The key to citizen journalism is that it reverses the traditional dissemination of news from a lecture to the public by powerful journalists to a democratic 'conversation', editor Marc Wadsworth told students at the University of Lincoln.
Wadsworth, founder of the citizen journalism website www.the-latest.com, said: "No longer are readers' views consigned to a letters page buried deep inside a publication or a parish pump 'local round-up' section of a newspaper. As The Guardian, which has trail-blazed on the subject puts it, from now on the reader holds sway: 'Comment is free — and instantaneous.'"
But he added that the big media companies were not really committed to independent citizen journalism which they see as a threat. "They want what they euphemistically call 'convergence' and 'integration' to protect their position: in other words, to co-opt citizen journalism." "Citizen journalism" was an umbrella term for a number of different ideas.
"Shayne Bowman and Chris Willis run a US media consultancy and the Hypergene weblog which is one of the leading sources of commentary on the new form. In 2003, they defined 'participatory journalism' as 'a citizen or group of citizens playing an active role in the process of collecting, reporting, analysing and disseminating news and information.'"
Yet the most successful citizen journalism site — South Korea's Ohmynews — has heavy editorial oversight. Launched in 2000, it now had up to 40,000 contributors and an annual profit of $400,000. "Ohmy's website currently gets an average of 700,000 visitors and 2m page views a day which puts it in the same league as a large newspaper.
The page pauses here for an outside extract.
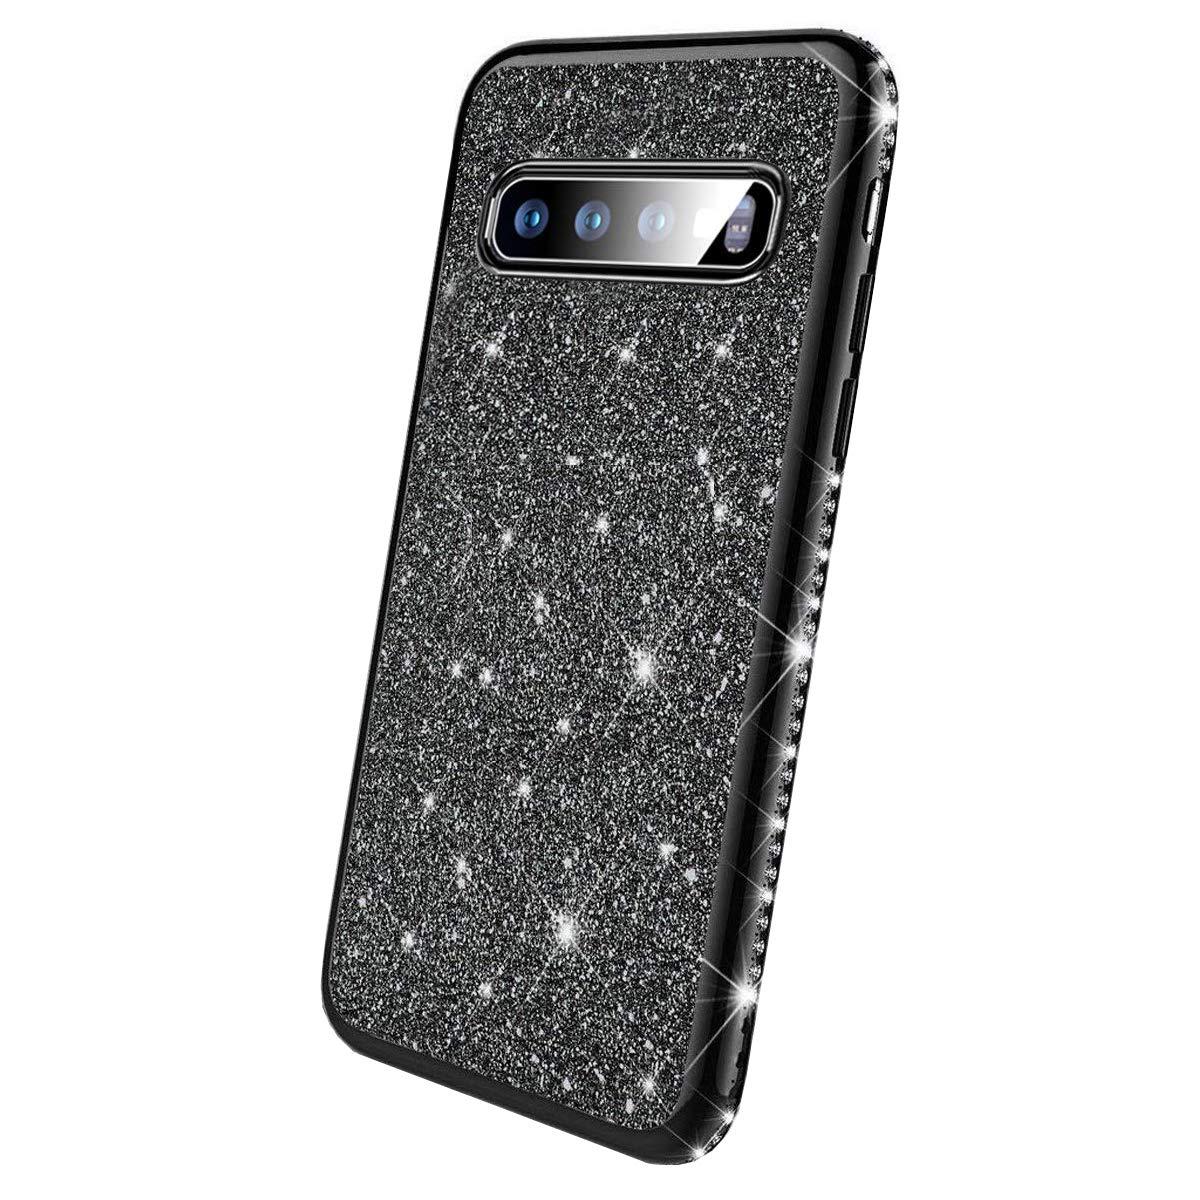 Karomenic kompatibel mit Samsung Galaxy S10 Plus Silikon H/ülle Gl/änzend Bling Glitzer Schutzh/ülle Weiche TPU Handyh/ülle Diamant D/ünn Slim Bumper Tasche Case Cover f/ür Frauen M/ädchen,Silber
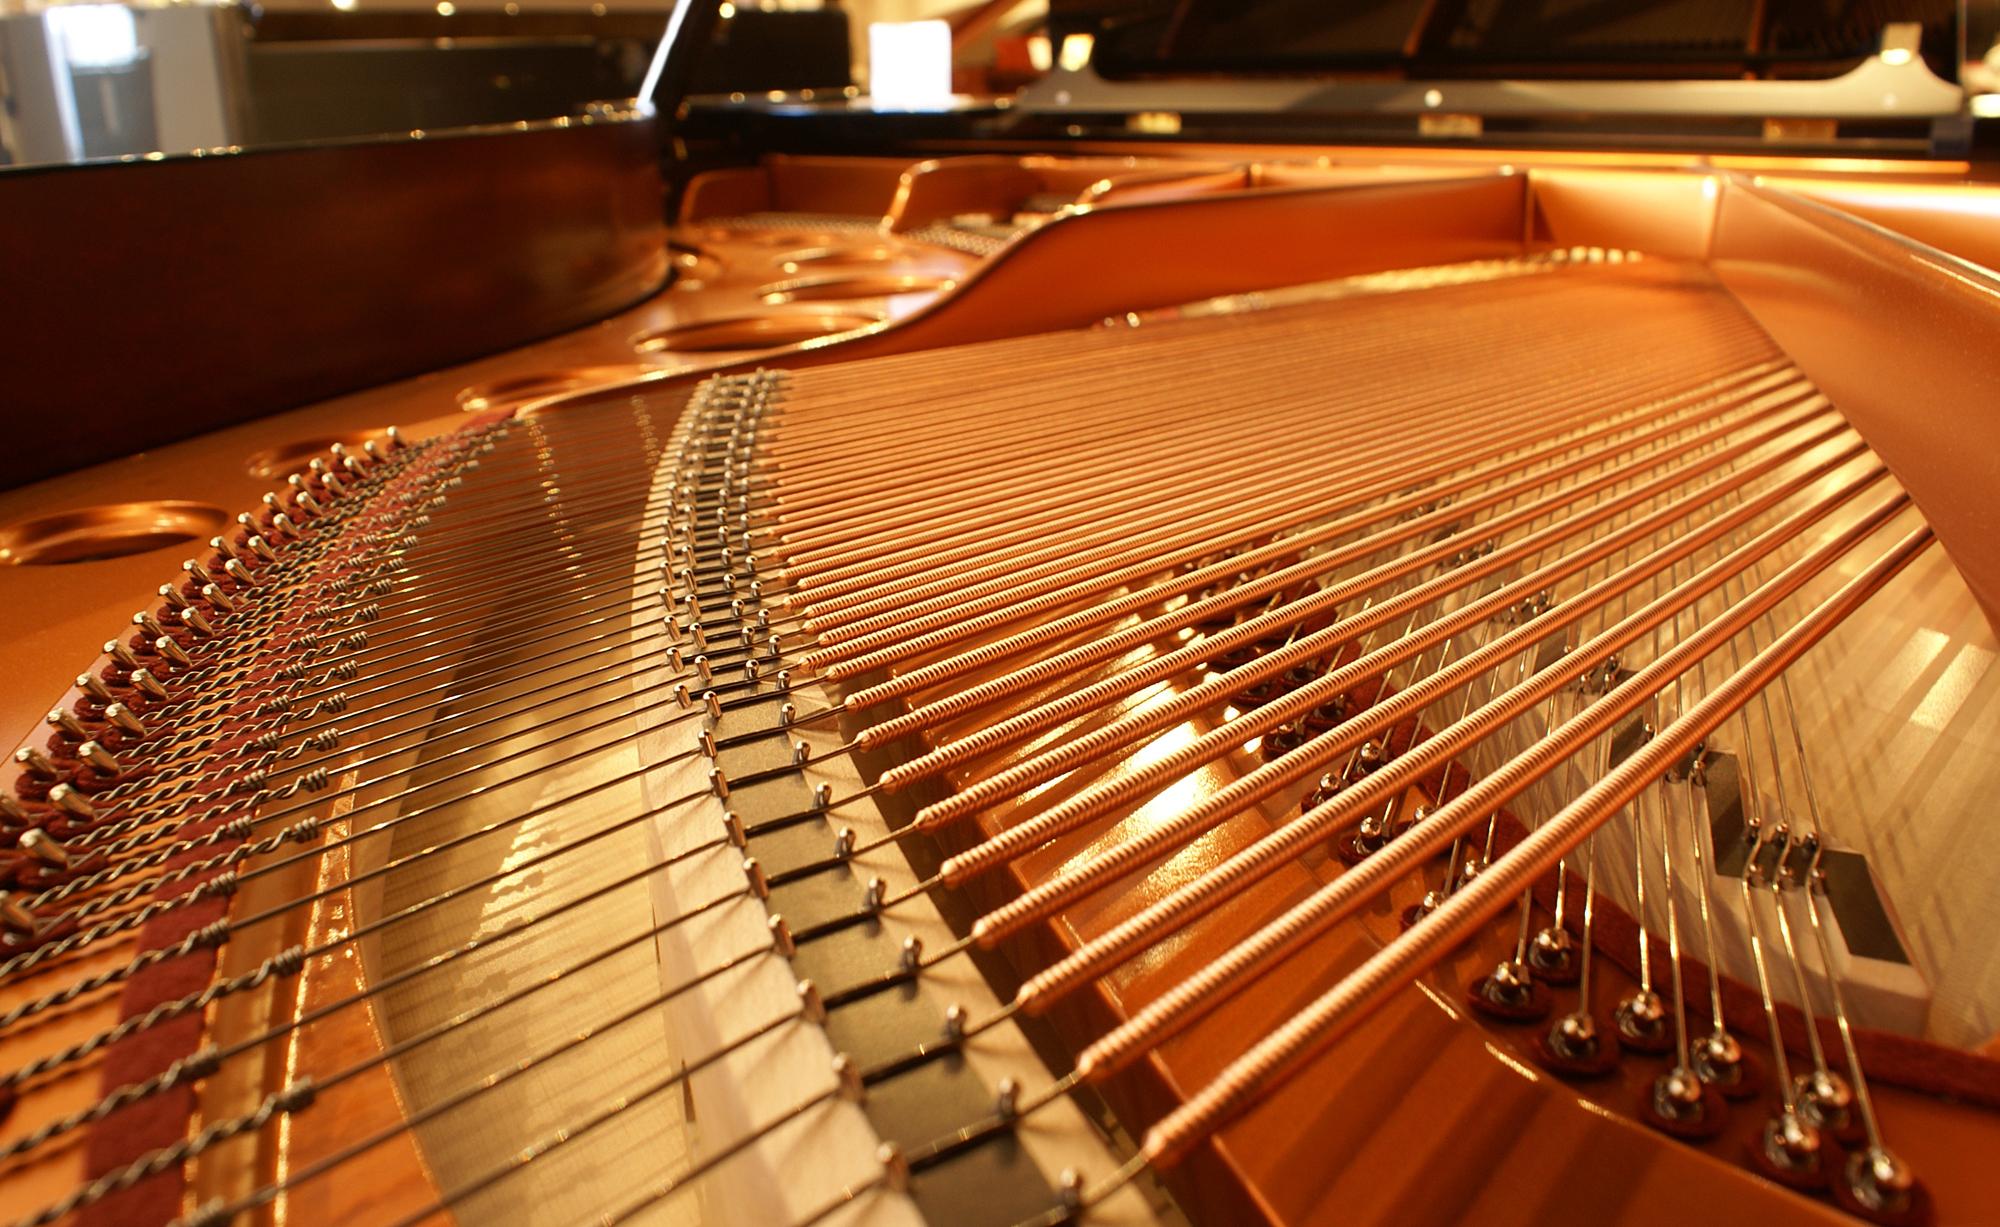 Bondi's Piano Service

Articles are edited by its founder Oh Yeon Ho, a former magazine journalist, and a few colleagues. Ho likes to think of Ohmy as a 'playground' for South Korean hobbyists where 'adults' set certain rules and thus give the site credibility." One of Ohmy's biggest innovations was economic. The site had a "tip-jar" system that invited readers to reward good work with small donations.
"Ho, who left his career in the mainstream media because he was sick of what he saw as their conservative bias, also reckons that Ohmy has helped to improve the balance. If the media scales used to be tilted 80 per cent in favour of the conservatives, he thinks Ohmy has reduced that to 60 per cent — and wants to make it 50 per cent." Citizen journalism also touched on the crunch issues of amateurism, professionalism and trustworthiness in the media.
Yet the mainstream could not claim a monopoly on veracity. "Take, for instance, the 'embedded' reporters in the Iraq invasion. How are the public to believe the impartiality of journalists who are fed whatever their British and American military guardians so choose? Who believes the infamously 'embedded' journalists of the Iraq invasion are regurgitating anything other than American and British propaganda. My colleague, Terry Lloyd, from ITN refused to be embedded and was murdered by US troops. He was a true citizen journalist."
The citizen journalism brought out by events such as the London bombings of 2005, Hurricane Katrina, Asia's tsunami tidal wave and other similar big news stories had sent a new joke into the blogosphere: that Andy Warhol's proverbial "15 minutes of fame" had now become "15 megs" of fame for everybody. "That may be true. But the area of citizen journalism that is currently growing fastest is the least glamorous end: the so-called 'hyper-local' coverage of, say, high school sports or petty neighbourhood crime, which is usually too small even for local newspapers."